Pendant des années, des savants dont moi-même, et des journalistes ont écrit que cette politique américaine a joué un rôle majeur dans l'éviction et l'assassinat de Lumumba. Mais l'histoire complète est restée cachée dans les documents des Etats-Unis lesquels, comme ceux que j'ai examinés, sont encore classés en dépit de la fin de la Guerre Froide, la fin du régime Mobutu et la confession de la Belgique.

Voici ce qu'ils nous disent : que jusqu'à maintenant, nous ne savions pas avec certitude « qu'en août 1960, la CIA établissait le Projet Sorcier . Le Congo était indépendant depuis seulement un mois

et Lumumba, un nationaliste passionné, était devenu premier ministre, avec une pluralité de sièges au parlement. Mais le candidat président des Etats-Unis, John F. Kennedy, jurait d'affronter " le défi " communiste et le NSC d'Eisenhower s'inquiétait que Lumumba pencherait vers les Soviets »

Les documents des Etats-Unis attestent que les mois qui ont suivi, la CIA travailla avec un groupe de huit Congolais au sommet de l'Etat et à qui elle paya des sommes importantes et qui jouèrent tous de grands rôles dans la chute de Lumumba.

Il s'agit notamment du Président Kasa-Vubu, de Mobutu (alors chef d'Etat-Major de l'armée), du ministre des Affaires étrangères, Justin Marie Bomboko, du gouverneur de la Banque centrale du Congo, Albert Ndele, du Président du Sénat, Joseph Ileo et du secrétaire général du Syndicat des travailleurs (Fgtc), Cyrille Adoula.

La CIA s'accorda avec la Belgique dans un plan détaillé, destiné à Ileo et Adoula, visant à faire voter une motion de méfiance au Parlement pour faire tomber le gouvernement Lumumba ; motion qui serait suivie des grèves syndicales guidées, des démissions des ministres (organisées par Ndele) et de la révocation de Lumumba par Kasa-Vubu.

" Le 1er septembre, le Groupe Spécial du NSC autorisa des paiements de la CIA à Kasa-Vubu, révèlent les documents des Etats-Unis. Le 5 septembre, Kasa-Vubu révoqua Lumumba dans un décret à la légalité douteuse.

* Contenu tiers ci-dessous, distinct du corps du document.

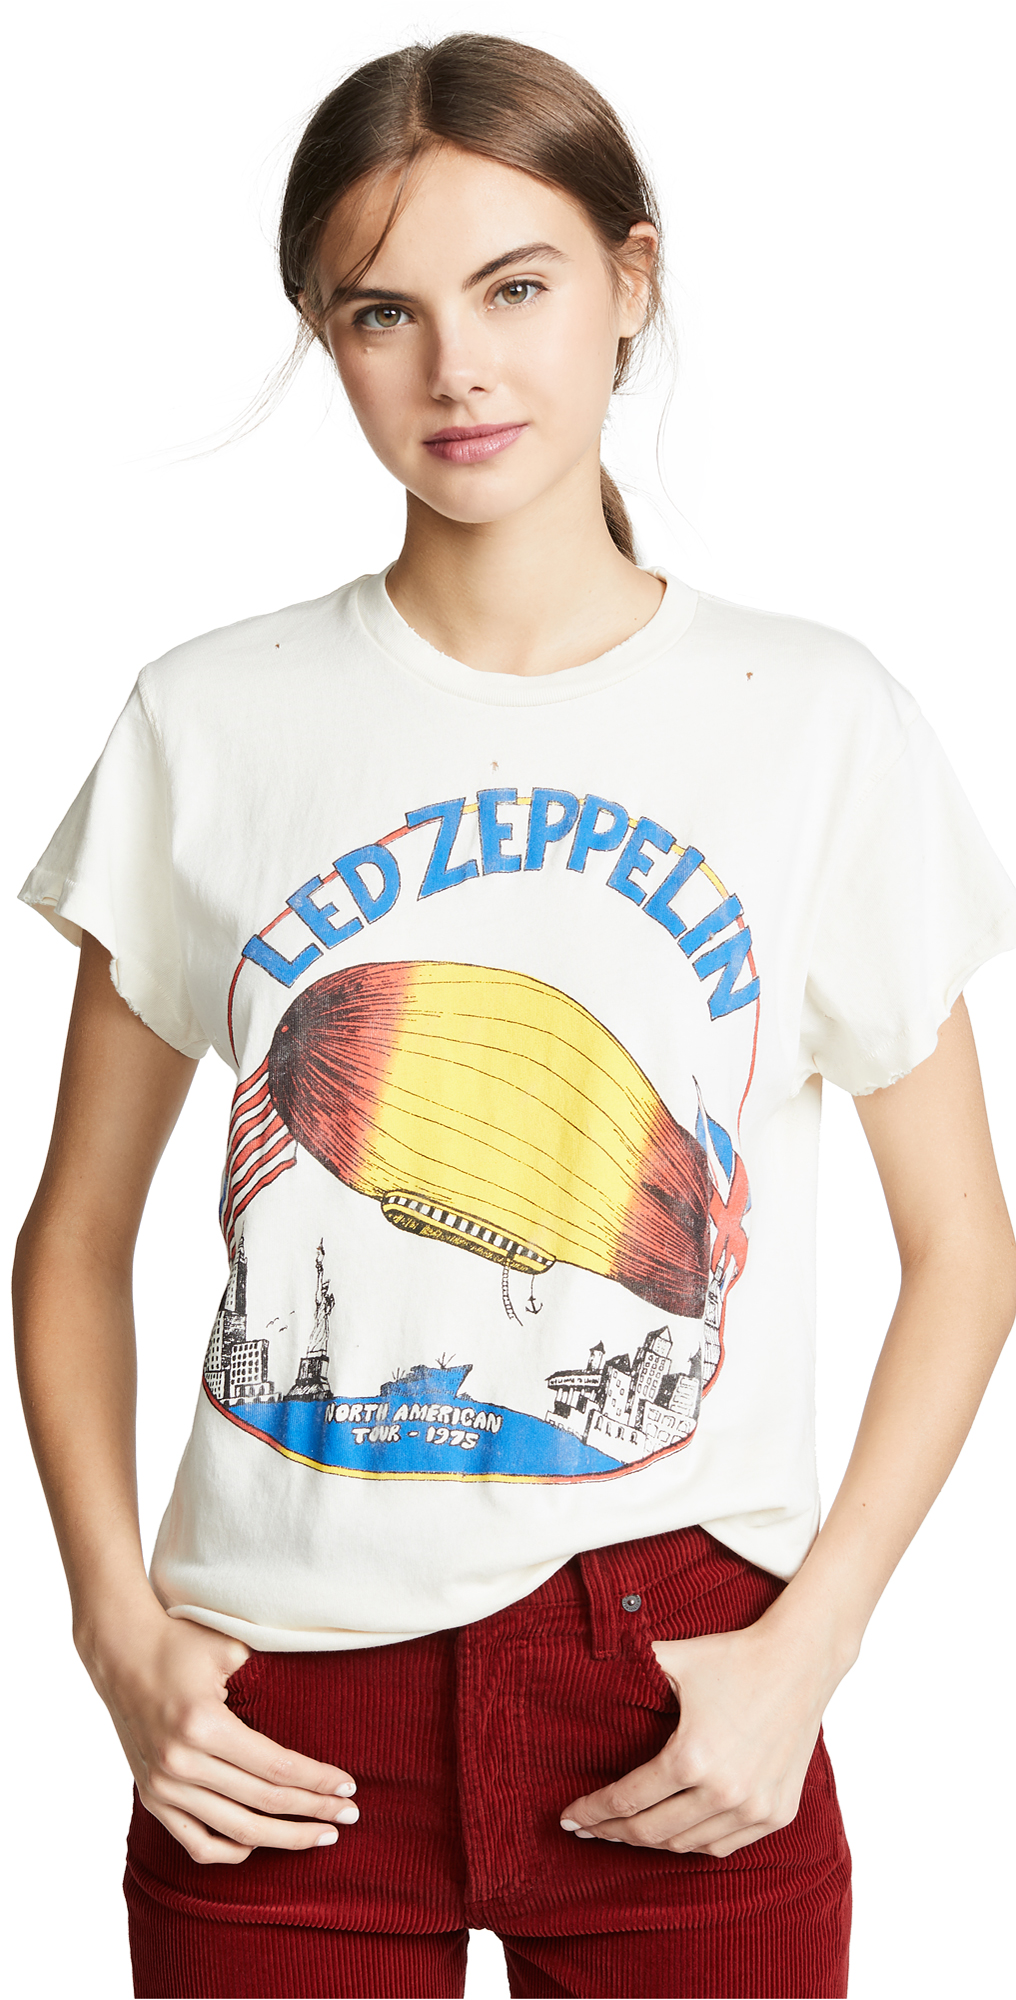 MADEWORN ROCK Led Zeppelin Tee

Cependant, Kasa-Vubu et son nouveau premier ministre, Ileo, se montrèrent léthargiques au cours de la semaine suivante tandis que de son côté, Lumumba se ralliait des soutiens ». Ainsi Mobutu prit le pouvoir le 14 septembre. Il garda Kasa-Vubu comme président et établit un " Collège de Commissaires généraux " temporaire pour remplacer le gouvernement démis.

Selon la source, la CIA finança le Collège et influença le choix des Commissaires et ce même Collège était dominé par deux participants au « Projet Sorcier » : Bomboko, son président et Ndele, son vice-président. Un autre allié de la CIA, le dissident du parti de Lumumba, Nendaka Victor, était nommé chef de la Sûreté de l'Etat.